Ron nodded glumly. "I have a feeling it's about to hurt a whole lot more."
They sat together, diligently avoiding Malfoy's sneer and giving Neville weak smiles.
"Sit in the lotus position!" Loveheart bellowed.
They sat in the lotus position, grimacing painfully. Draco hissed a curse under his breath.
"And now." Loveheart said, breathing heavily as he heaved himself into the lotus position.
"You like Shakespeare, right?" Draco asked Ron, innocently. Ron wasn't fooled.
"What's it to you?" he snarled.
Draco smirked and pointed at Harry. He proclaimed in a loud, mock-dramatic voice, "Out, damned zit, out I say!"
Harry turned beet red and tried frantically to come up with something smart to say. "Well, well -"
"Well, well -" Draco mimicked.
"Stop that!" Harry growled.
Draco smirked even harder and opened his mouth -
"And NOW!" Loveheart bellowed, floating ceremoniously in the air.
Draco started visibly. He jolted forward and kicked at his own privates.
"OWWWWW!" he howled.
Harry howled in laughter. "Look at that, Ron! Look! The idiot kicked himself in the ba-"
"What's happening here?" Professor McGonagall rapped out.
"Professor McGonagall!" Ron gasped. "What are you doing here -" understanding dawned on his face and he gaped at Professor McGonagall. "Don't tell me you like -"
Professor McGonagall bit out tersely," Do you value your Gryffindor points?"
Ron shut up.
Professor McGonagall swept out of the room. "And a little threat of detention clears her of this deed." Ron mumbled bitterly.
"Maybe you should stop quoting Shakespeare." Neville suggested quietly, clutching Trevor, who was floating in the air, his eyes bugged out, upside down, close to him.
"Maybe you should stop being such a wimp."
Neville scowled at Draco. "No one asked you."
"No one asked you either!"
"Well -"
"Well, go take care of your stupid toad."
Neville lunged at Draco, furious. "He is not stupid!"
Draco choked, his face turning purple. Ron easily yanked Neville off him. "Stop it, Neville. You'll lose Gryffindor a point."
"Strangling is an offense worth two hundred points, at least!" Draco scratched out hoarsely.
"Not when he's strangling you, Malfoy."
Malfoy lunged at him. Harry drew back warily, and Ron said, "They have tied me to a stake, and bear-like -"
Malfoy gave him a quelling look. Ron was quelled.
Harry shouted, "Duck!"
Loveheart had been demonstrating the way to stop an earthworm from crawling in their ears when they were trying to become one with nature, and in his exuberance he had waved his wand around. In their direction.
Neville choked out an earthworm.
"I told you to duck." Harry said reproachfully.
"Duck this!" Neville sputtered, enraged, pointing his wand at Harry.
Harry ducked.
Hermione's ears grew.
She clapped her hands over them. "Harry!" she screeched.

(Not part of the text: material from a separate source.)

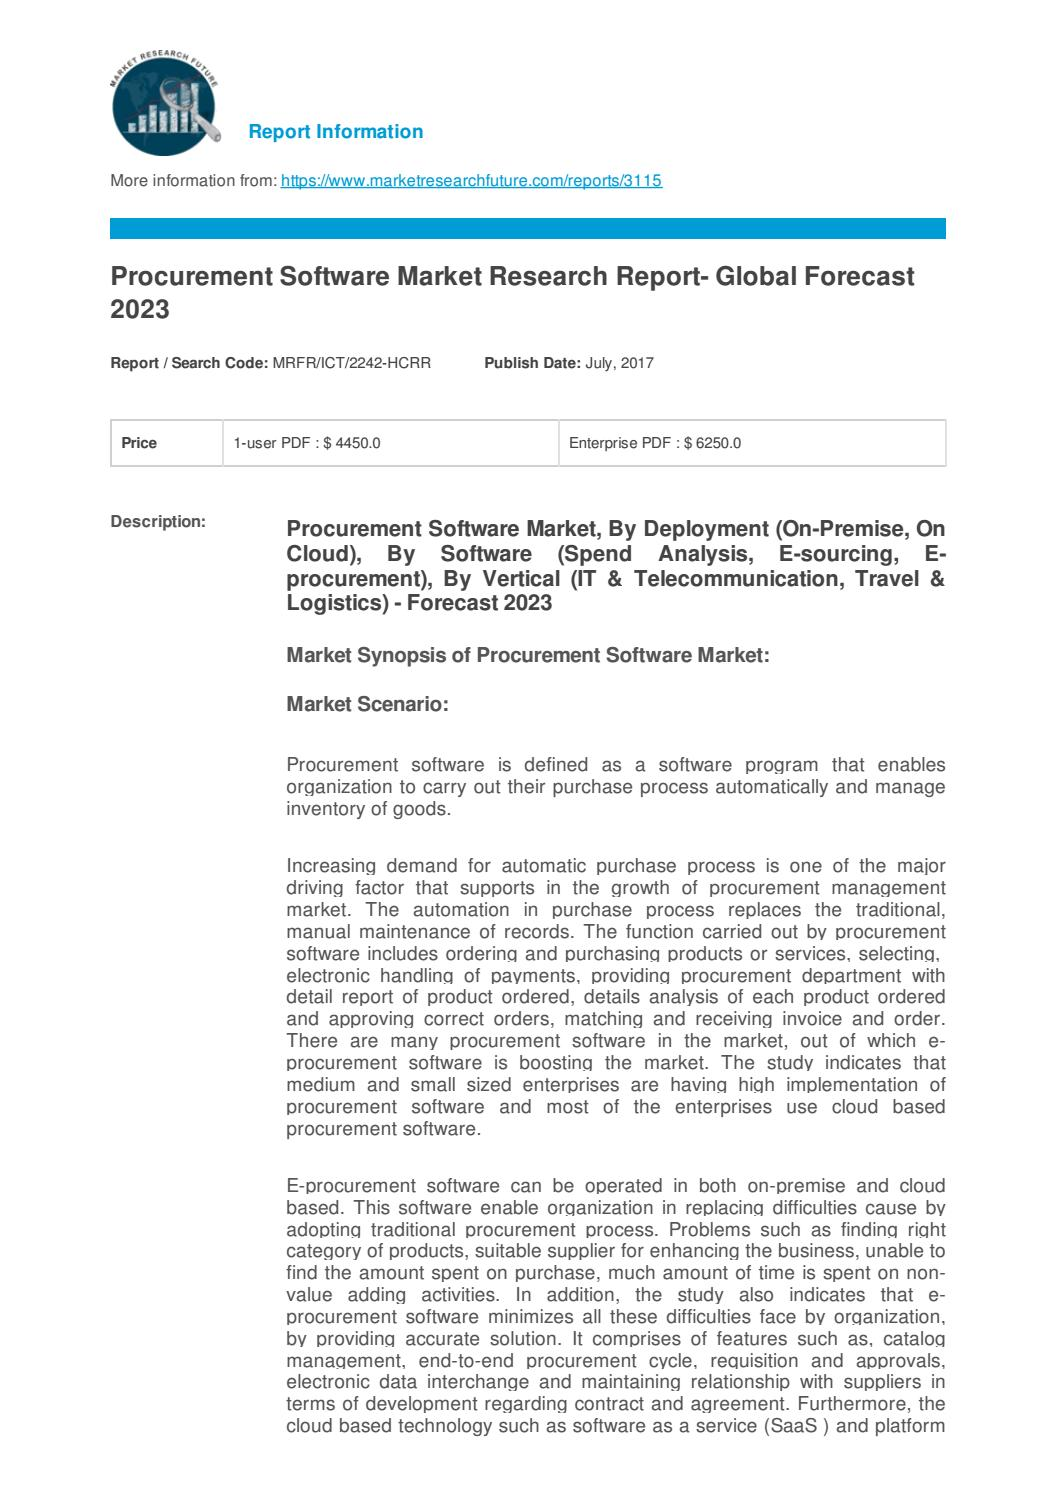 Global procurement software will reach usd 9 billion by 2023

"Now, Hermione," Lavender said warily.
Hermione stamped her foot and pointed at Harry. Ron got hit.
Ron hit Lavender.
Lavender hit Ginny.
Ginny hit Neville again.
Loveheart hit himself.
That ended the class.
As they were staggering out of the infirmary, Ron said sourly, "Hermione, next time you want to join a yoga class, don't tell us about it, all right?"
"It hurts to be an idiot." Harry agreed. He picked at his zit.